Sunday, 16 June 2019

Review: Mistletoe in Texas

Mistletoe in Texas Mistletoe in Texas by Kari Lynn Dell
My rating: 4 of 5 stars

Although I think you can read this as a stand-alone it makes more sense if you have read the previous books and understand the interactions between the characters.

Hank Brookman was a rodeo bull-fighter but a messed up home life and feelings of insecurity have plagued him all his life then his rashness leads him into a potentially calamitous situation and gets him fired by the people he considered family. Then a moment of indecision left another rider crippled for life and Hank himself suffering injuries. He has spent months living like a squatter on a Reservation with an elderly woman, blaming himself for everything. Then when his landlady/employer dies he is kicked off the Reservation and his sponsor Gil (owner of a trucking business based in Hank's hometown) offers him a job working for the trucking company and an apartment. Suddenly Hank will have to face the father who constantly criticised him, the girl he'd been best friends with since they were nine that he humiliated in front of half the town, his estranged sister and all the former friends and family that he's ghosted in the past three years.

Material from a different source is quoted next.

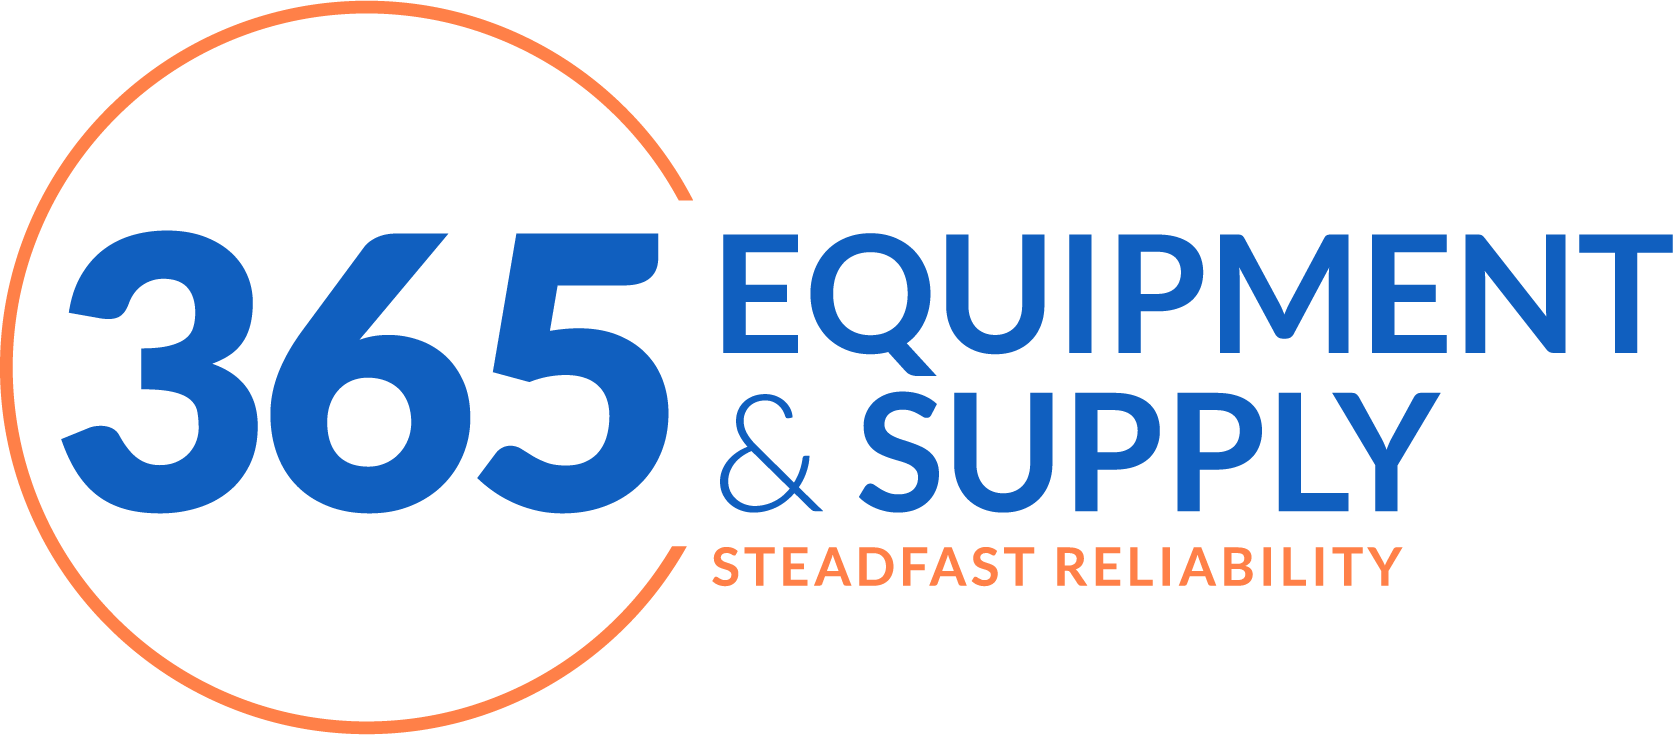 Since 2015, 365 Equipment & Supply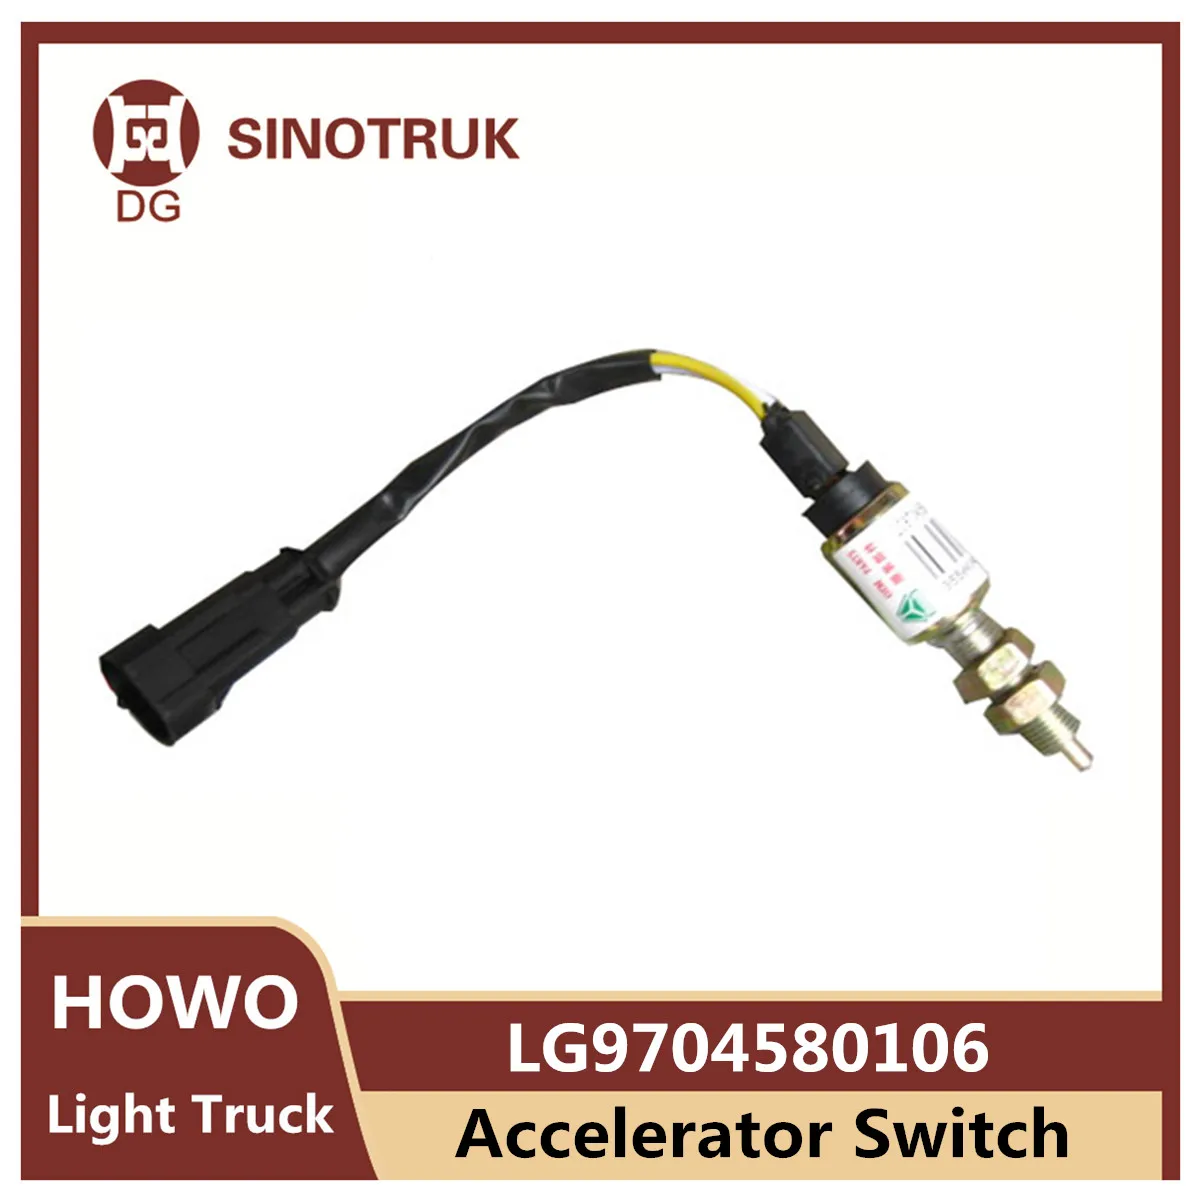 Accelerator Switch LG9704580106 for Sinotruk Howo Light Truck Clutch Switch Original Auto Truck Parts

Grace McKenna has been in love with Hank since she was nine years old. The daughter of a religious zealot she had a one night stand with Hank shortly after he lost his job(view spoiler) but he humiliated her in the local bar, drunk and ashamed he was unkind and dismissive. Now the sports doctor at the local high school Grace doesn't know how she can face the love of her life again, especially since she has now become friends with his sister Melanie and other women from his close circle of friends.

If you have read the previous books in the series you will have seen Hank as the cocky, know-it-all, brilliant bull-rider who lost everything because of bad decisions and ego. This is truly a Christmas redemption story as Hank learns to see himself through the eyes of others and builds bridges between himself and his father, with the help of his counsellor/friend Bing.

Other reviewers have criticised Grace's choices, I have to agree with them but I can also see why Grace did what she did, at the end of the day its a plot device and sets her aside from the usual way these stories go.

I loved seeing Hank growing and reestablishing himself in the community, apologising and moving on, changing his behaviour and owning his actions. I loved that he was all in and present with Grace, it may have taken him years to realise that his little red-haired girl, the one who cheered him from the sidelines, the one who shared her homework, the one who was always there for him, was his benchmark for all women and the love of his life but when he does ... he's there no matter what.

Overall, another feel-good romance full of love and redemption, hope and renewal, family (in all its forms) and Christmas.